===== Raw data
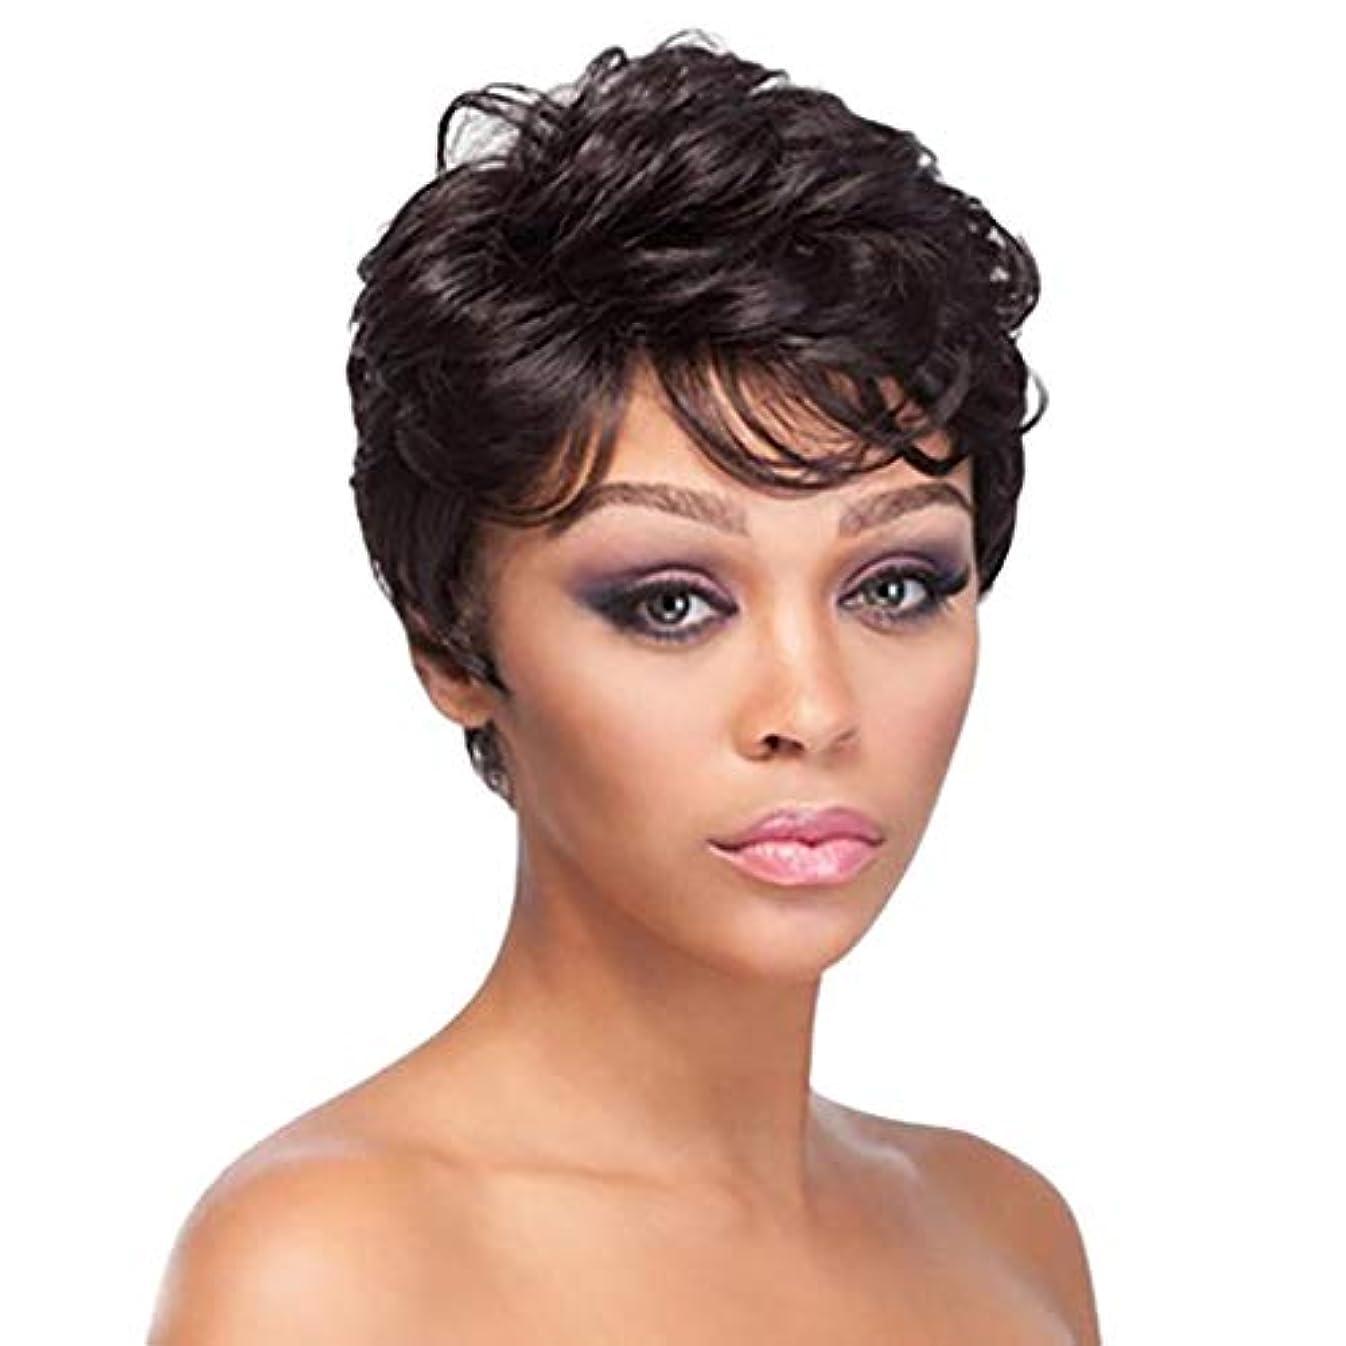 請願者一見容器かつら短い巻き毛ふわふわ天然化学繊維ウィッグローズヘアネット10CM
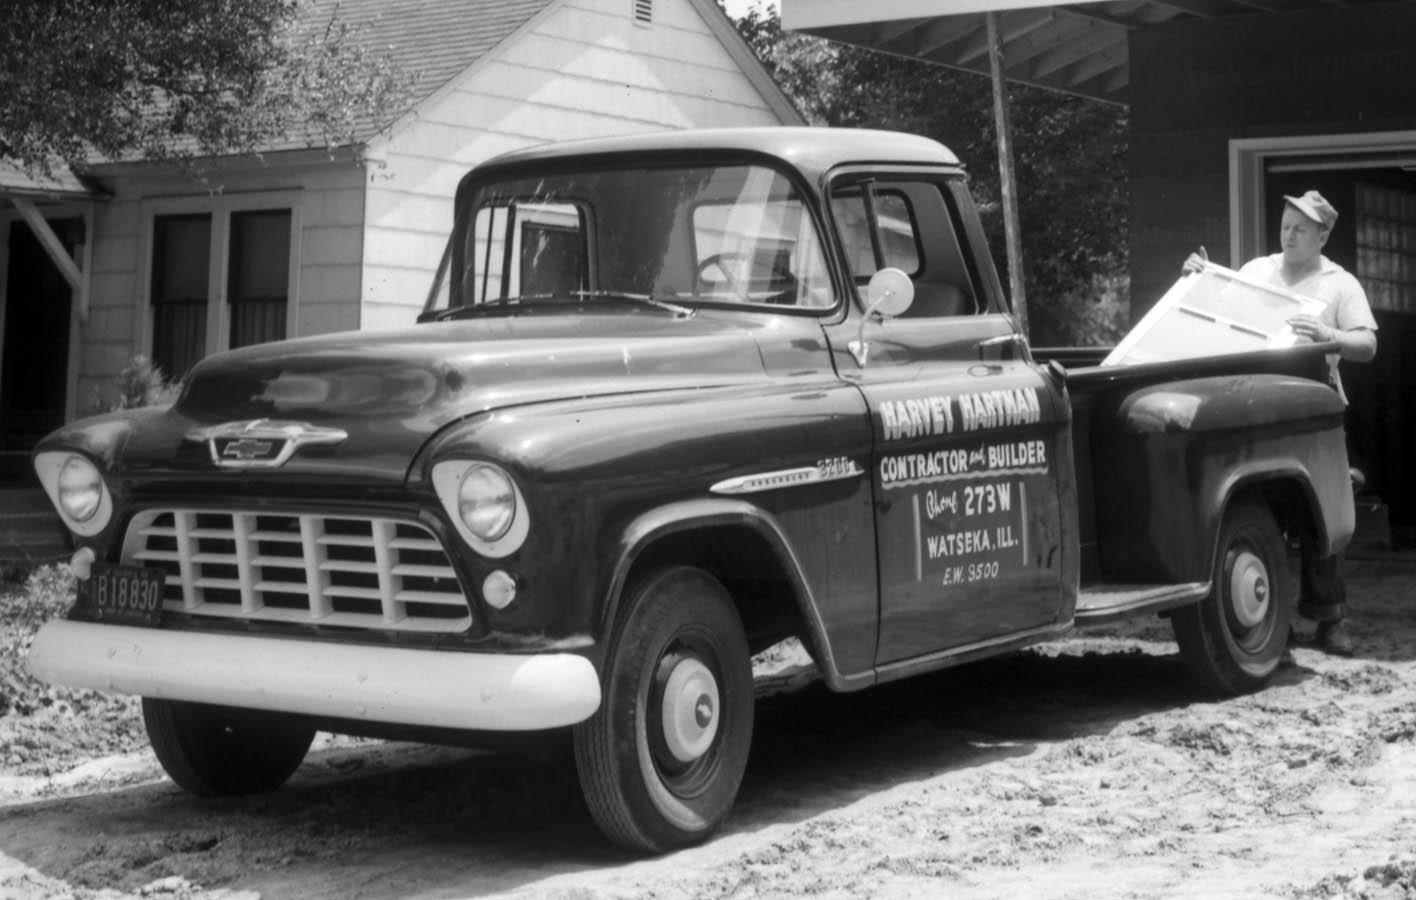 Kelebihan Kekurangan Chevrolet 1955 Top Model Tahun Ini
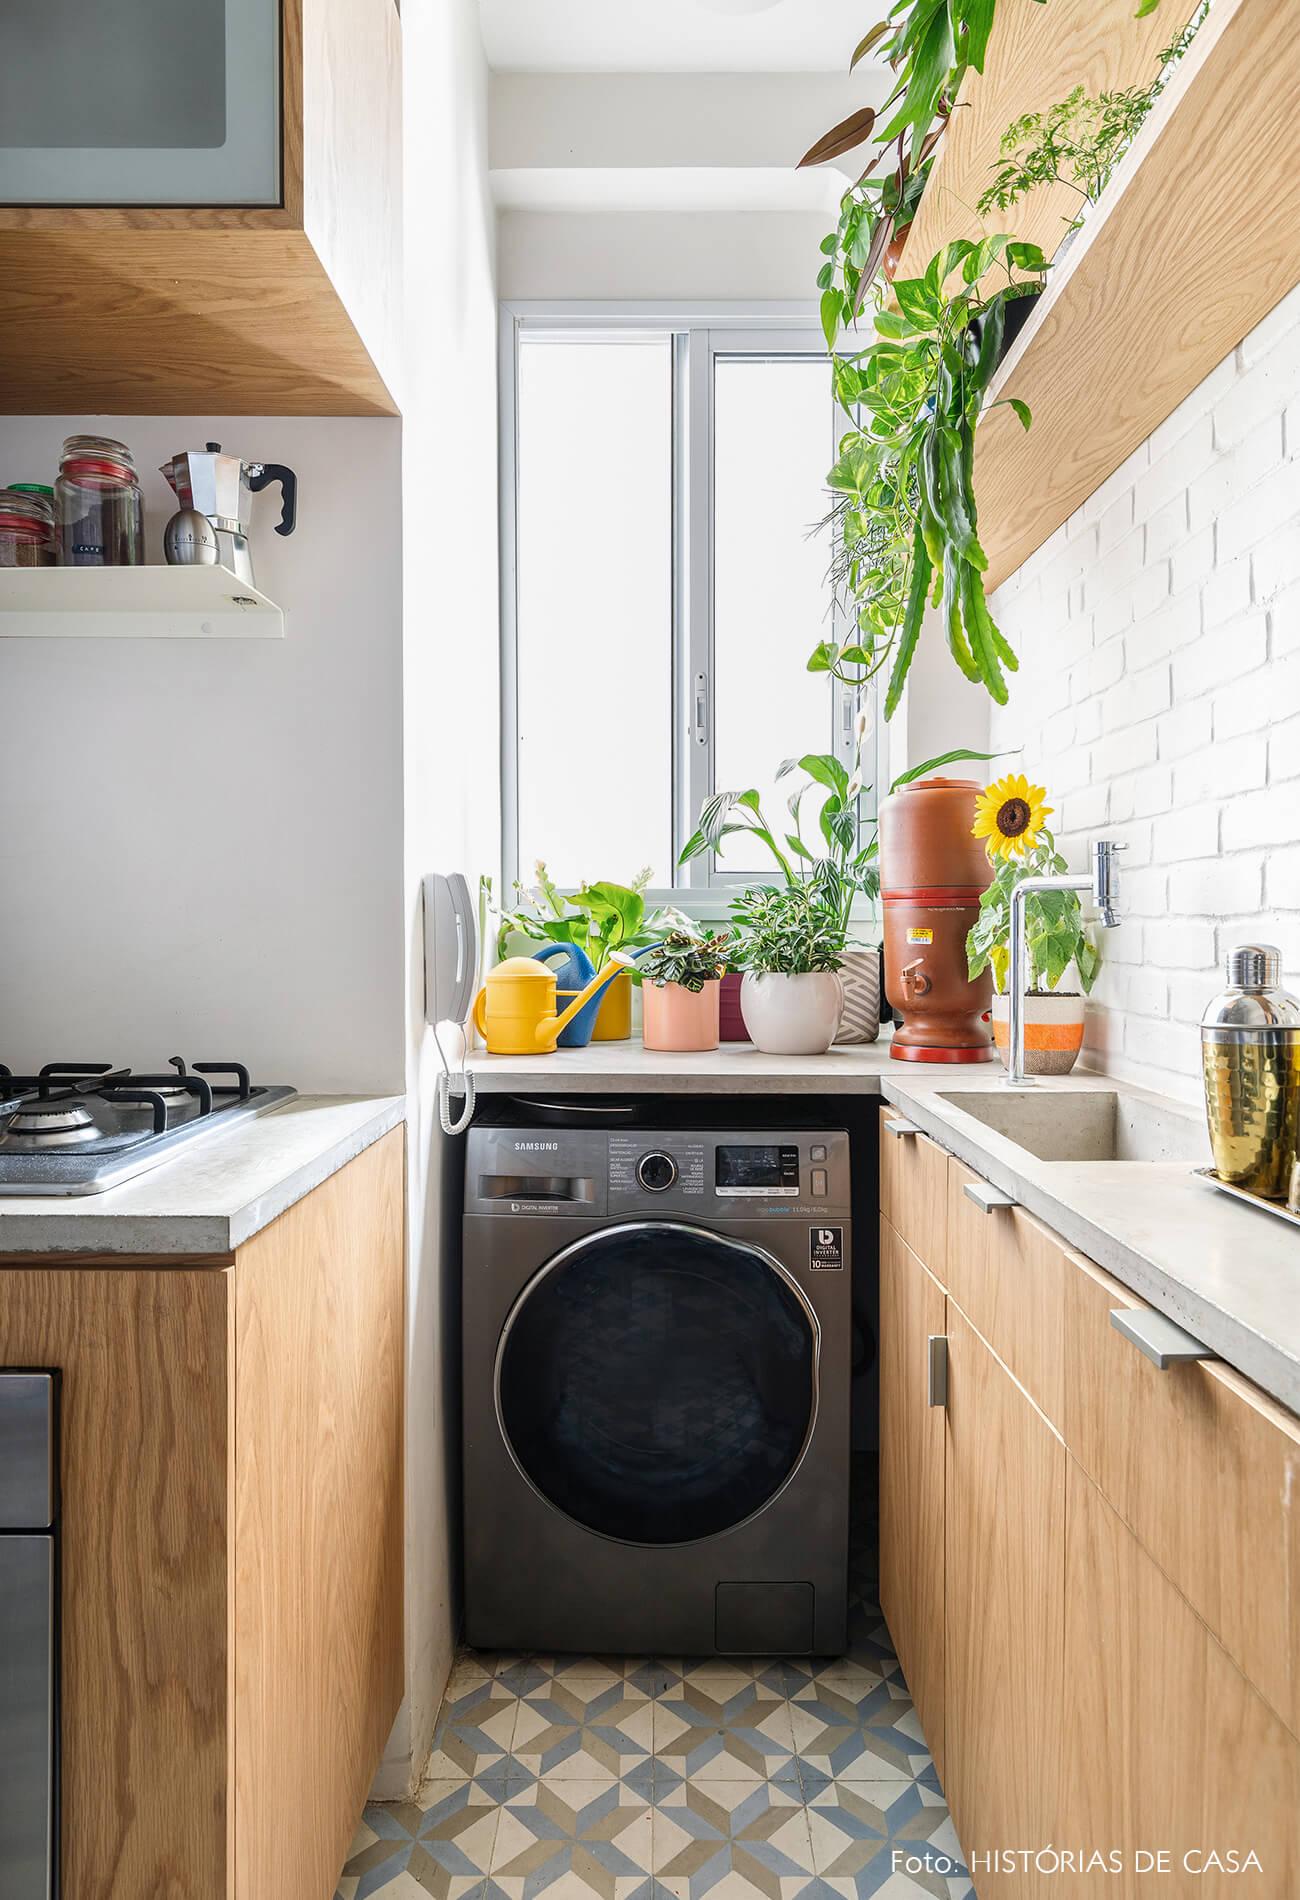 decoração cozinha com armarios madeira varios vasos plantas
==========
Your answer must be an exact copy of the lines above, from the line that contains "Kelebihan Kekurangan Chevrolet" through the final line, with no pictures in it.

_Answer:_
 Kelebihan Kekurangan Chevrolet 1955 Top Model Tahun Ini
 decoração cozinha com armarios madeira varios vasos plantas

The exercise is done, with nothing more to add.